Top 3 models by speed using only the top 3 features:

Learner: lgbm
Val Loss (RMSE): 268.1706210848114
Wall Clock Time: 0.14544463157653809
Config:
  n_estimators: 4
  num_leaves: 4
  min_child_samples: 20
  learning_rate: 0.09999999999999995
  log_max_bin: 8
  colsample_bytree: 1.0
  reg_alpha: 0.0009765625
  reg_lambda: 1.0

Learner: lgbm
Val Loss (RMSE): 261.53183392834137
Wall Clock Time: 0.4026212692260742
Config:
  n_estimators: 4
  num_leaves: 4
  min_child_samples: 12
  learning_rate: 0.26770501231052046
  log_max_bin: 7
  colsample_bytree: 1.0
  reg_alpha: 0.001348364934537134
  reg_lambda: 1.4442580148221913

Learner: lgbm
Val Loss (RMSE): 257.1304090799774
Wall Clock Time: 0.7351562976837158
Config:
  n_estimators: 11
  num_leaves: 4
  min_child_samples: 9
  learning_rate: 0.7260594590615893
  log_max_bin: 9
  colsample_bytree: 0.9285002286474459
  reg_alpha: 0.0036840681931986645
  reg_lambda: 0.7532480505730402


### How does the top models compare to your previously developed model (assignments 1 and 2) in terms of validation score and speed?

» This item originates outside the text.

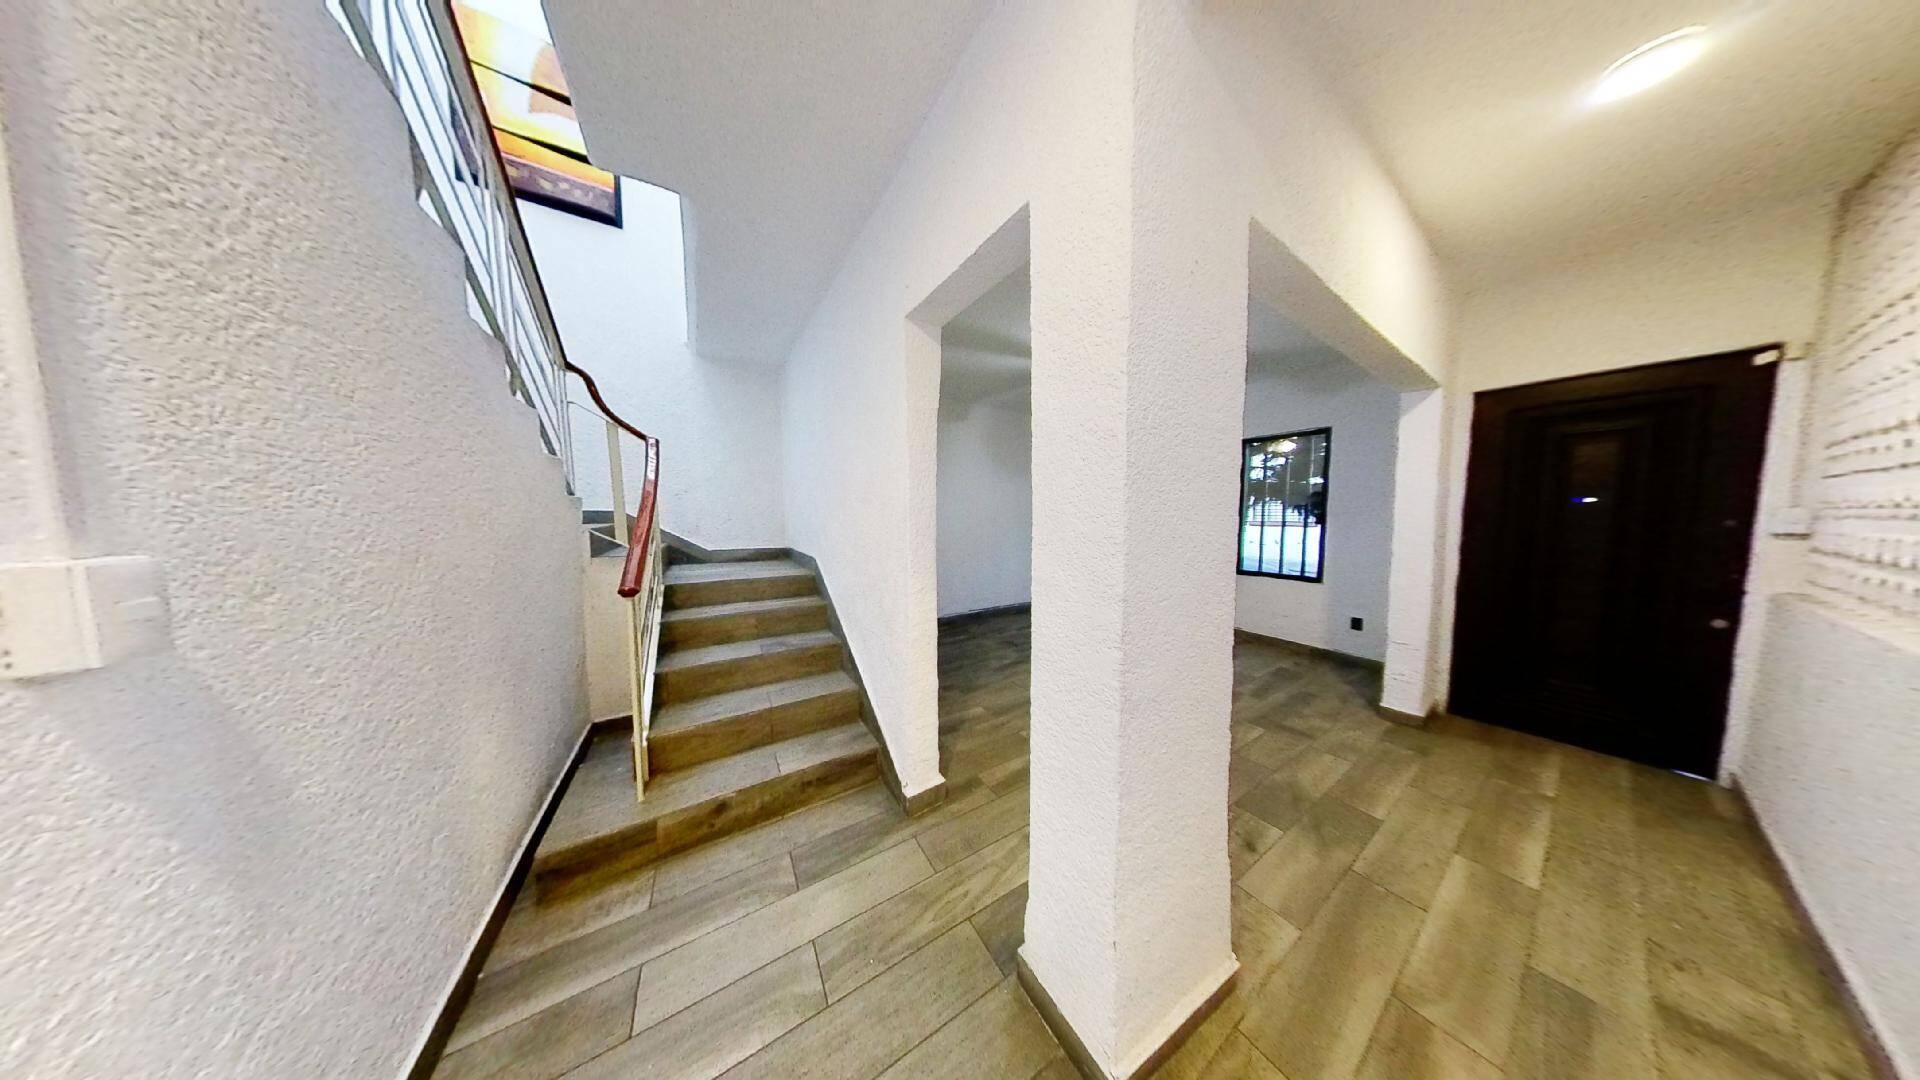 Casa en venta en la Colonia Roma Sur, Alcaldía Cuauhtémoc, CDMX.

#### **AutoML (FLAML) Top Model (lowest RMSE)**

* **Learner:** `lgbm`
* **Validation RMSE:** **137.89**
* **Training Time (Wall Clock):** **60.34 sec**

#### **Assignment 2 (Feature Store + MLflow)**

* **Model:** `rf-model` (Random Forest)
* **Validation RMSE:** **178.85**
* **R²:** **0.589**
* **Training Time:** **5 sec**

#### **Assignment 1 (Data Versioning)**

* No RMSE
* R² Instead


---

### **Comparison Summary**

| Model Source     | RMSE            | Speed                    |
| ---------------- | --------------- | ------------------------ |
| **FLAML AutoML** | **137.89**    | 60.34 sec             |
| **Assignment 2** | 178.85        | **5 sec**              |
| **Assignment 1** | R² Instead    | (Unmeasured, but fast) |

---

### **Conclusion**

* **FLAML AutoML** gives the **best RMSE (137.89)**, indicating the most accurate model overall.
* **Assignment 2** trains much **faster (5 sec)** but at the cost of **worse performance**.
* **Assignment 1** training time is not available .



### Is your platform AutoML no-code/low-code/full-code and why?

Low-code — because I used minimal code to run FLAML AutoML, which automatically selected, tuned, and evaluated models without manually coding each one.